The last motif (G[m]NC vs. G[m]GC) is particularly interesting. From your evaluation, it looks like only two sites differ between the two motifs — one high and one low. Could you try running modkit pileup using the GCNG 1 motif and inspecting those specific sites in the reference (with the motif option the bedmethly should show the reference motif for each record)? That should clarify whether the expansion is caused by a small number of non-CG alignments or genuine basecalling artifacts.
If those sites don’t explain it, sharing the relevant test data would be very helpful for reproducing and debugging the motif expansion behavior more precisely.

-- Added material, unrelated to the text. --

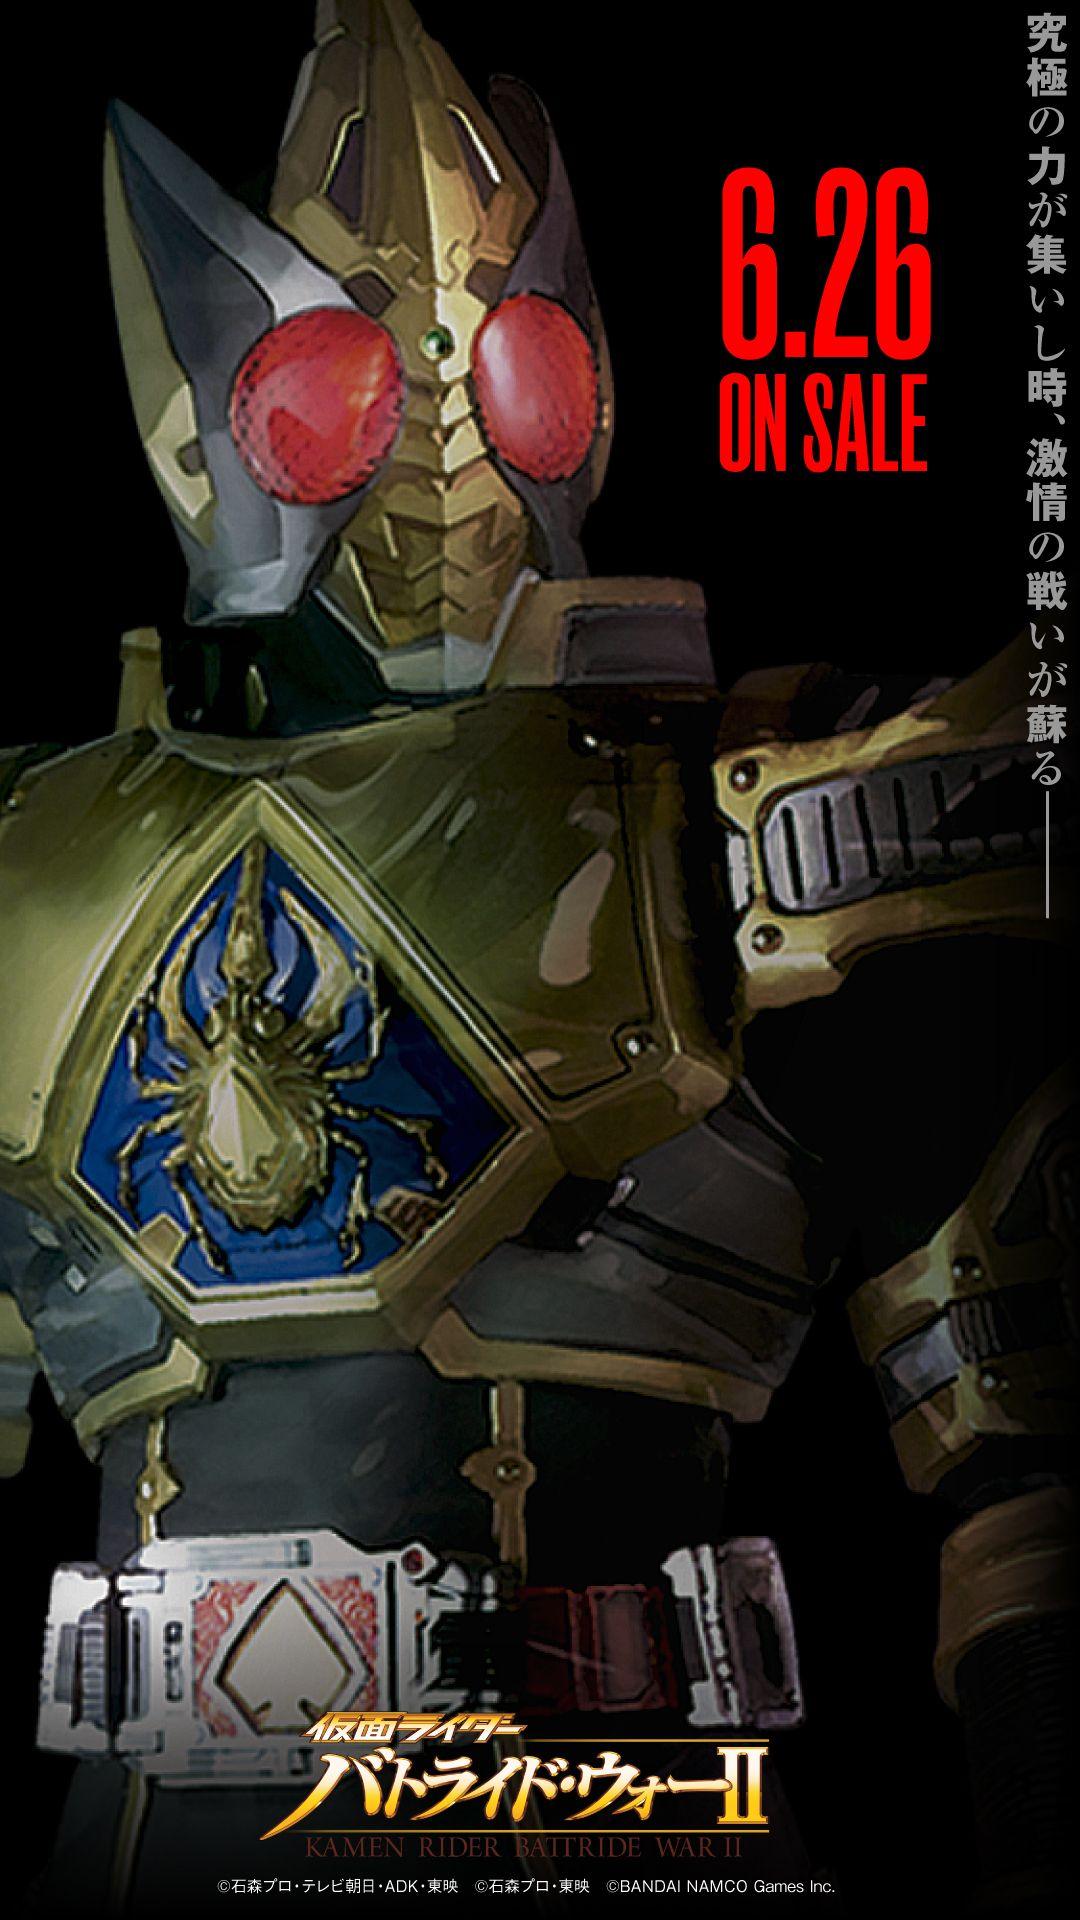 Masked Rider Blade King Form Kamenrider Maskedrider 仮面

I've concluded that most of the variable motifs are due to the model efficiency, due to it being trained on fully modified ground truth data. This is, as you mentioned, expected. So this is somewhat clear now, thanks!
The G[m]NC issue, I'm still unsure of. While the GCNG 1 pileup does return CG pileups isolated from GCGC sites, there's no reference column in the bedmethyl file. This issue is however, somewhat just a minor inconvenience.